**WHAT TO DO:** With the pictures left out, retype exactly the lines below starting at the line that contains "Pharmaceutical courier Jadavpur" and ending at the line that contains "NetPlayz 4 ft".

**GIVEN RECORDS:**
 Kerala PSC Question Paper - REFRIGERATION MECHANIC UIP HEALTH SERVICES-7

==

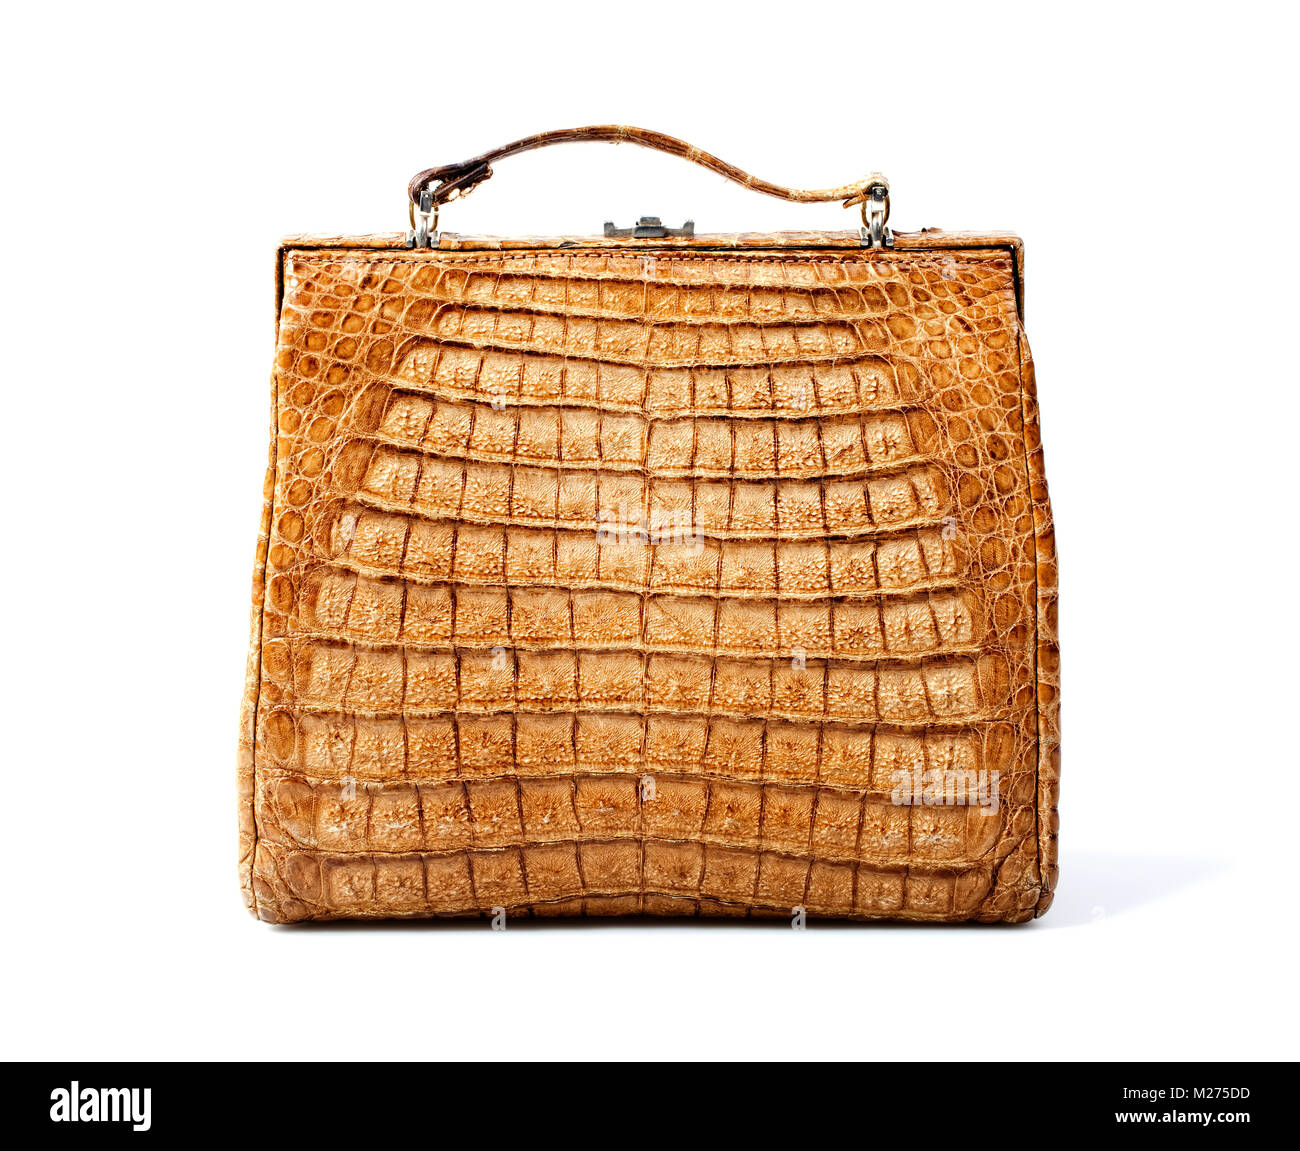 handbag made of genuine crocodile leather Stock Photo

...

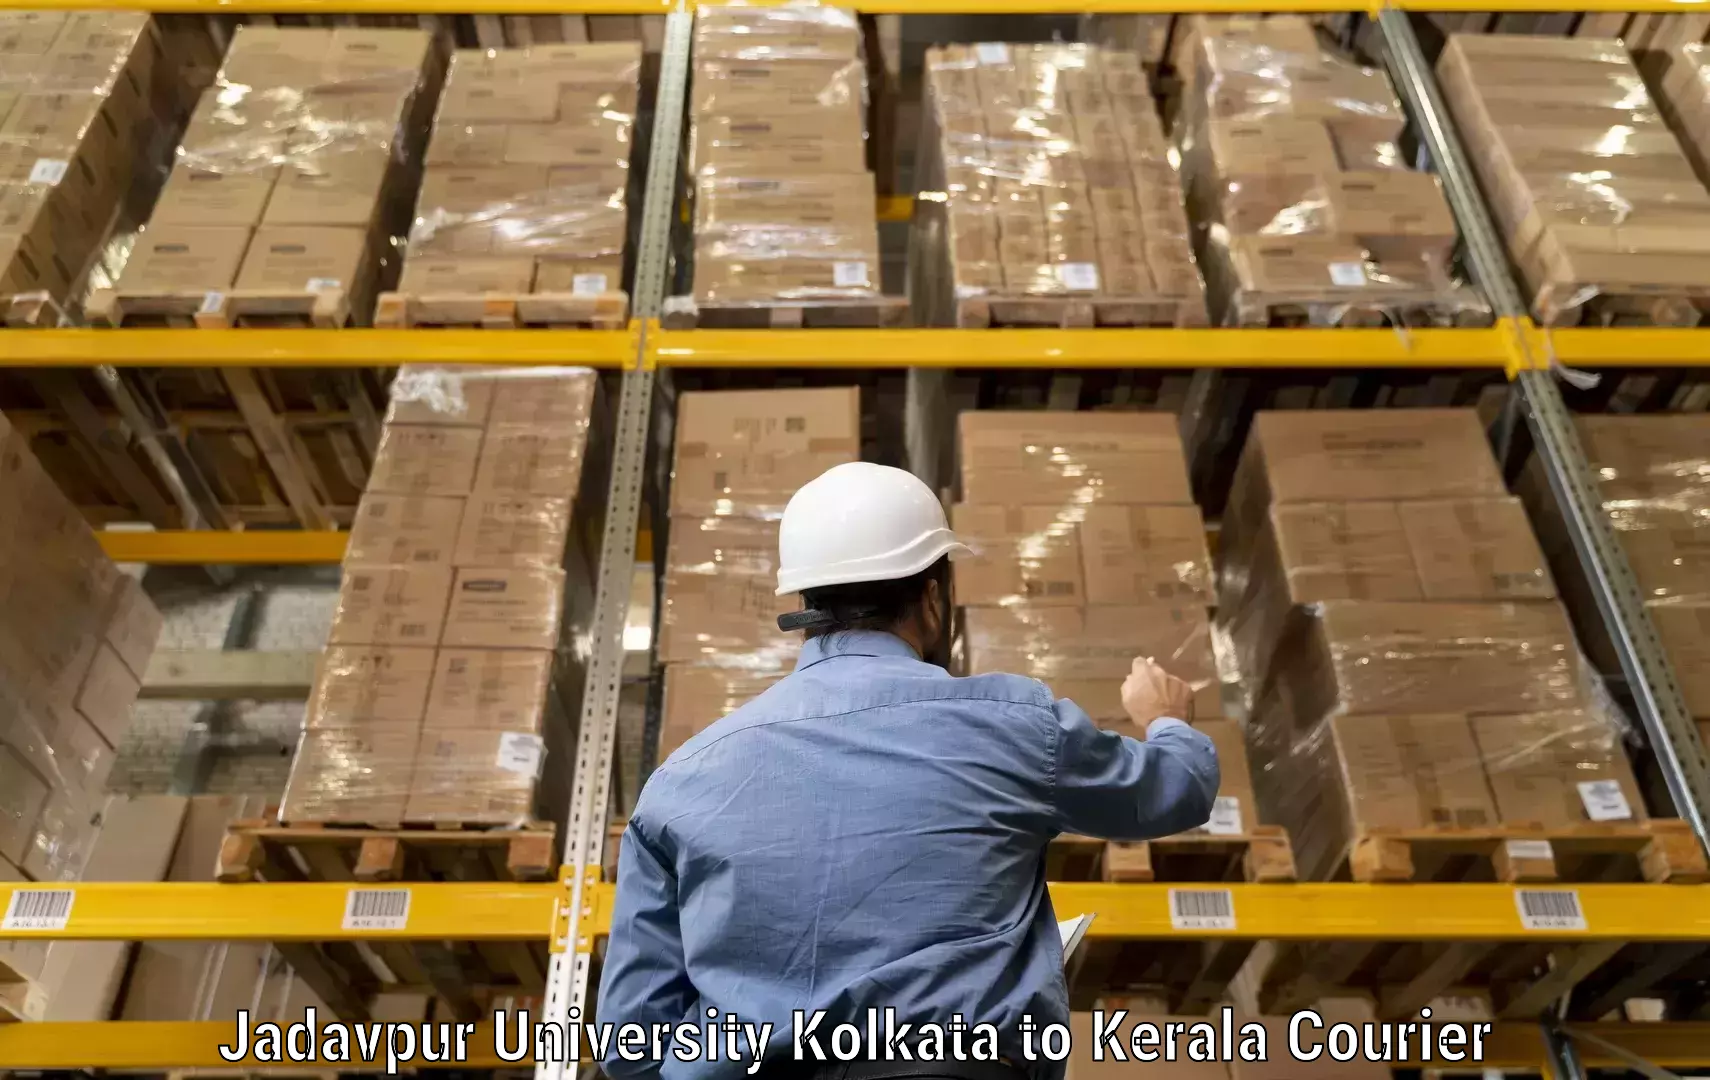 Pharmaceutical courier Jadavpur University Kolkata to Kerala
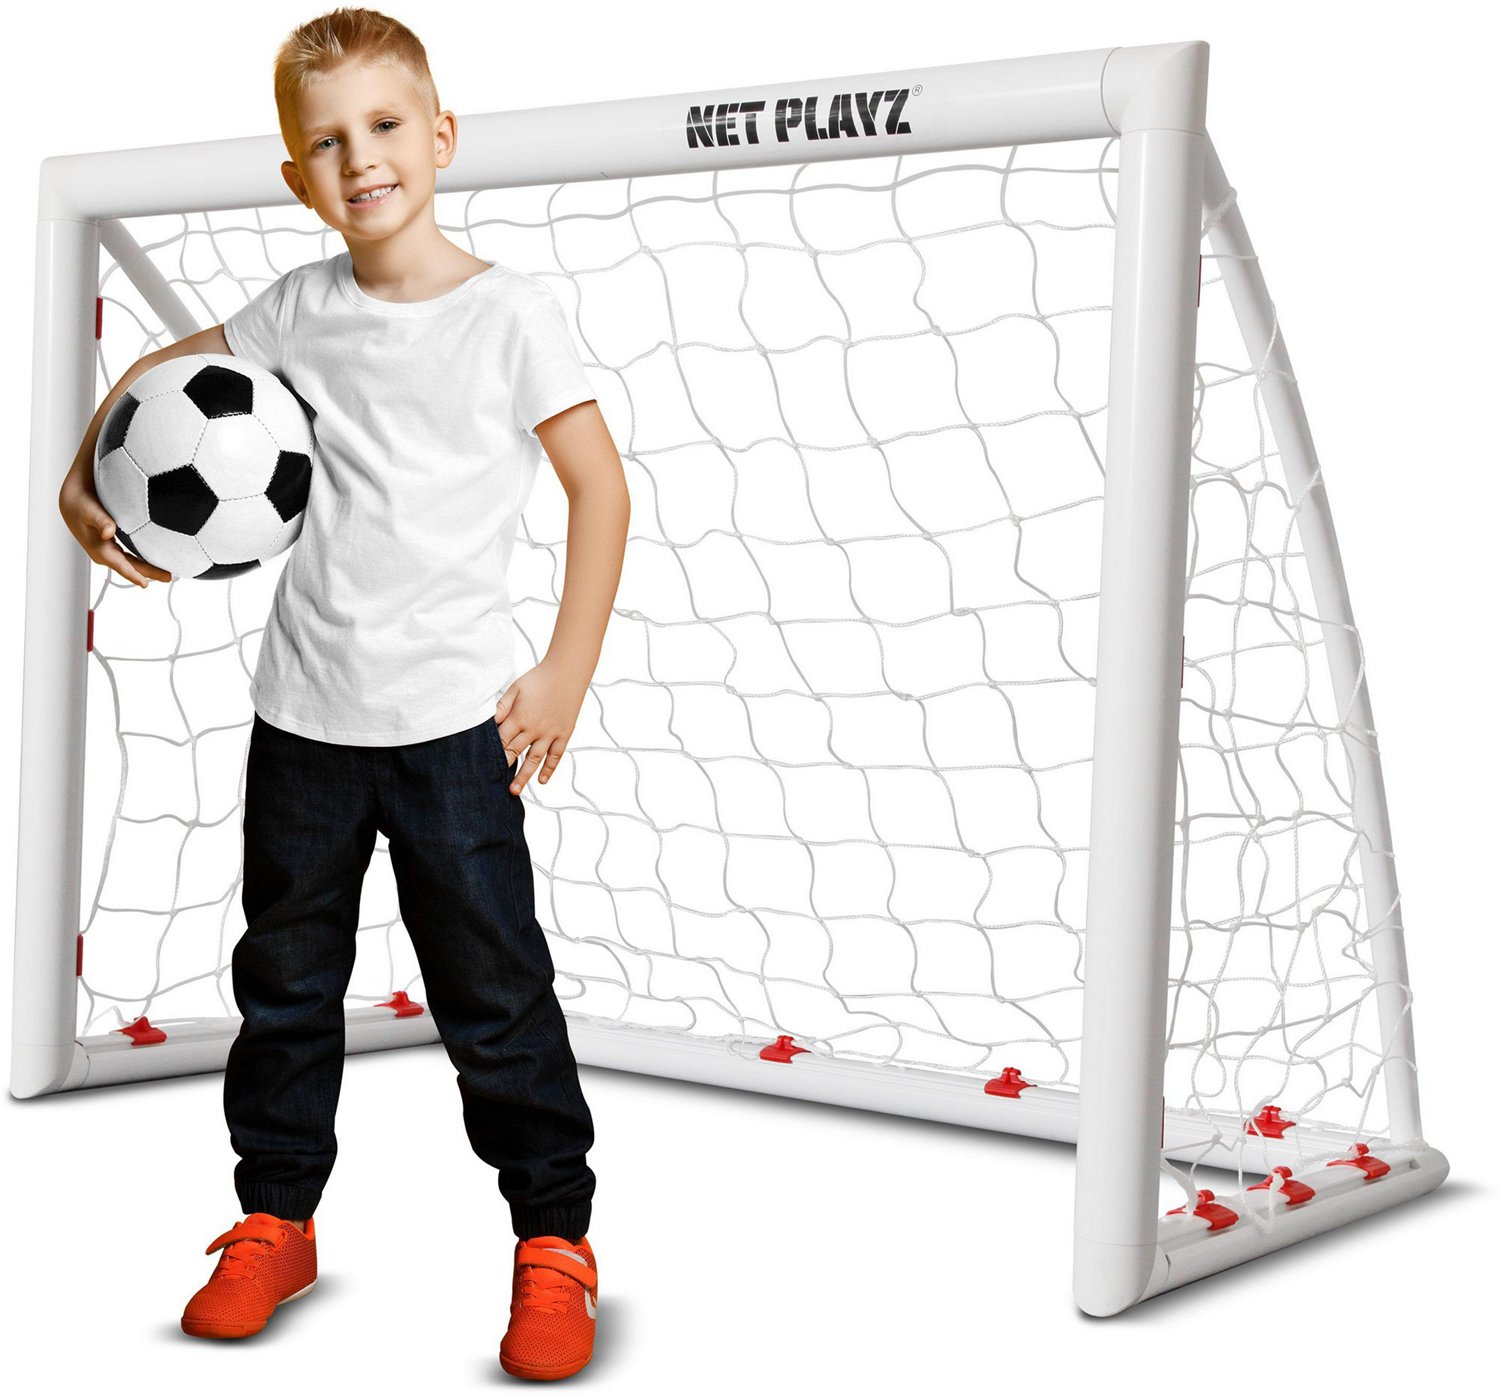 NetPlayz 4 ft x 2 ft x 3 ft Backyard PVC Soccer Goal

**ANSWER TO THIS PROBLEM:**
 Pharmaceutical courier Jadavpur University Kolkata to Kerala
 NetPlayz 4 ft x 2 ft x 3 ft Backyard PVC Soccer Goal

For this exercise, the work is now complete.